Why am I getting an OverflowError and WindowsError with numpy memmap and how to solve it?

In relation to my other question here, this code works if I use a small chunk of my dataset with dtype='int32', using a float64 produces a TypeError on my main process after this portion because of safe rules so I'll stick to working with int32 but nonetheless, I'm curious and want to know about the errors I'm getting.

fp = np.memmap("E:/TDM-memmap.txt", dtype='int32', mode='w+', shape=(len(documents), len(vocabulary)))
matrix = np.genfromtxt("Results/TDM-short.csv", dtype='int32', delimiter=',', skip_header=1)
fp[:] = matrix[:]

If I use the full data (where shape=(329568, 27519)), with these dtypes:

I get OverflowError when I use int32 or int

and

I get WindowsError when I use float64

Why and how can I fix this?

Edit: Added Tracebacks

Traceback for int32

Traceback (most recent call last):
File "C:/Users/zeferinix/PycharmProjects/Projects/NLP Scripts/NEW/LDA_Experimental1.py", line 123, in <module>
    fp = np.memmap("E:/TDM-memmap.txt", dtype='int32', mode='w+', shape=(len(documents), len(vocabulary)))
File "C:\Python27\lib\site-packages\numpy\core\memmap.py", line 260, in __new__
    mm = mmap.mmap(fid.fileno(), bytes, access=acc, offset=start)
WindowsError: [Error 8] Not enough storage is available to process this command

Traceback for float64

Traceback (most recent call last):
File "C:/Users/zeferinix/PycharmProjects/Projects/NLP Scripts/NEW/LDA_Experimental1.py", line 123, in <module>
    fp = np.memmap("E:/TDM-memmap.txt", dtype='float64', mode='w+', shape=(len(documents), len(vocabulary)))
File "C:\Python27\lib\site-packages\numpy\core\memmap.py", line 260, in __new__
    mm = mmap.mmap(fid.fileno(), bytes, access=acc, offset=start)
OverflowError: cannot fit 'long' into an index-sized integer

Edit: Added other info

Other info that might help: I have a 1TB (931 GB usable) HDD with 2 partitions, Drive D (22.8GB free of 150GB) where my work files are including this script and where the memmap will be written and Drive E (406GB free of 781GB) where my torrent stuff goes. At first I tried to write the mmap file to Drive D and it generated a 1,903,283kb file for int32 and 3,806,566kb file for float64. I thought maybe because it's running out of space that's why I get those errors so I tried Drive E which should be more than enough but it generated the same file size and gave the same error.

Solution

I don't think it is possible to generate an np.memmap file that large using a 32 bit build of numpy, regardless of how much disk space you have.
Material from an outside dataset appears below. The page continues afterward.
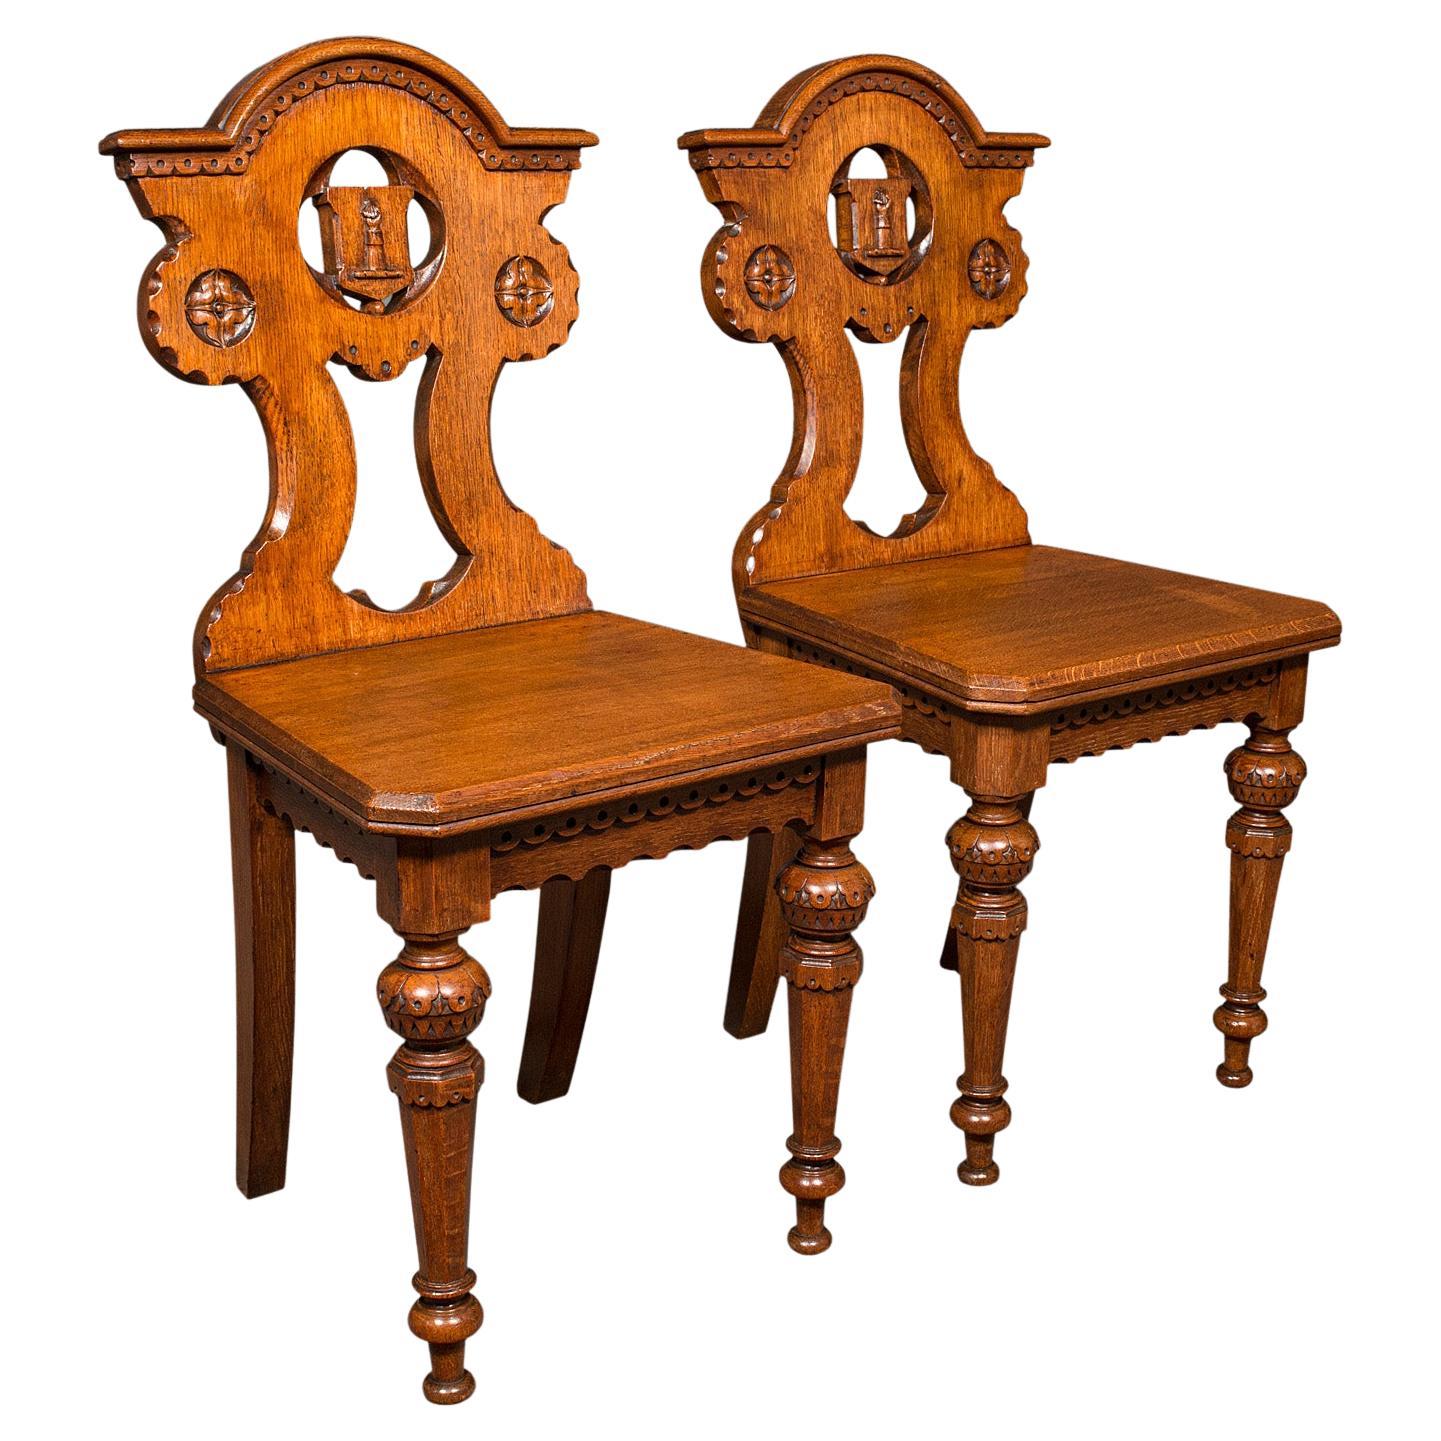 Ein Paar antike Flurstühle, schottisch, Eiche, Sitz, Arts and Crafts-Stil, viktorianisch

The error occurs when np.memmap tries to call mmap.mmap internally. The second argument to mmap.mmap specifies the length of the file in bytes. For 329568 by 27519 array containing 64 bit (8 byte) values, the length will be 72555054336 bytes (i.e. ~72GB).

The value 72555054336 needs to be converted to an integer type that can be used as an index. In 32 bit Python, indices need to be 32 bit integer values. However, the largest number that can be represented by a 32 bit integer is much smaller than 72555054336:

print(np.iinfo(np.int32(1)).max)
# 2147483647

Even a 32 bit array would require a length of 36277527168 bytes, which is still about 16x larger than the largest representable 32 bit integer.

I don't see any easy way around this problem besides switching to 64 bit Python/numpy. There are other very good reasons to do this - 32 bit Python can only address a maximum of 3GB of RAM, even though your machine has 8GB available.

Even if you could generate an np.memmap that big, the next line

matrix = np.genfromtxt("Results/TDM-short.csv", dtype='int32', delimiter=',', skip_header=1)

will definitely fail, since it requires creating an array in RAM that's 32GB in size. The only way that you could possibly read that CSV file is in smaller chunks, like in my answer here that I linked to in the comments above.

As I mentioned in the comments for your other question, what you ought to do is convert your TermDocumentMatrix to a scipy.sparse matrix rather than writing it to a CSV file. This would require much, much less storage space and RAM, since it can take advantage of the fact that almost all of the word counts are zero-valued.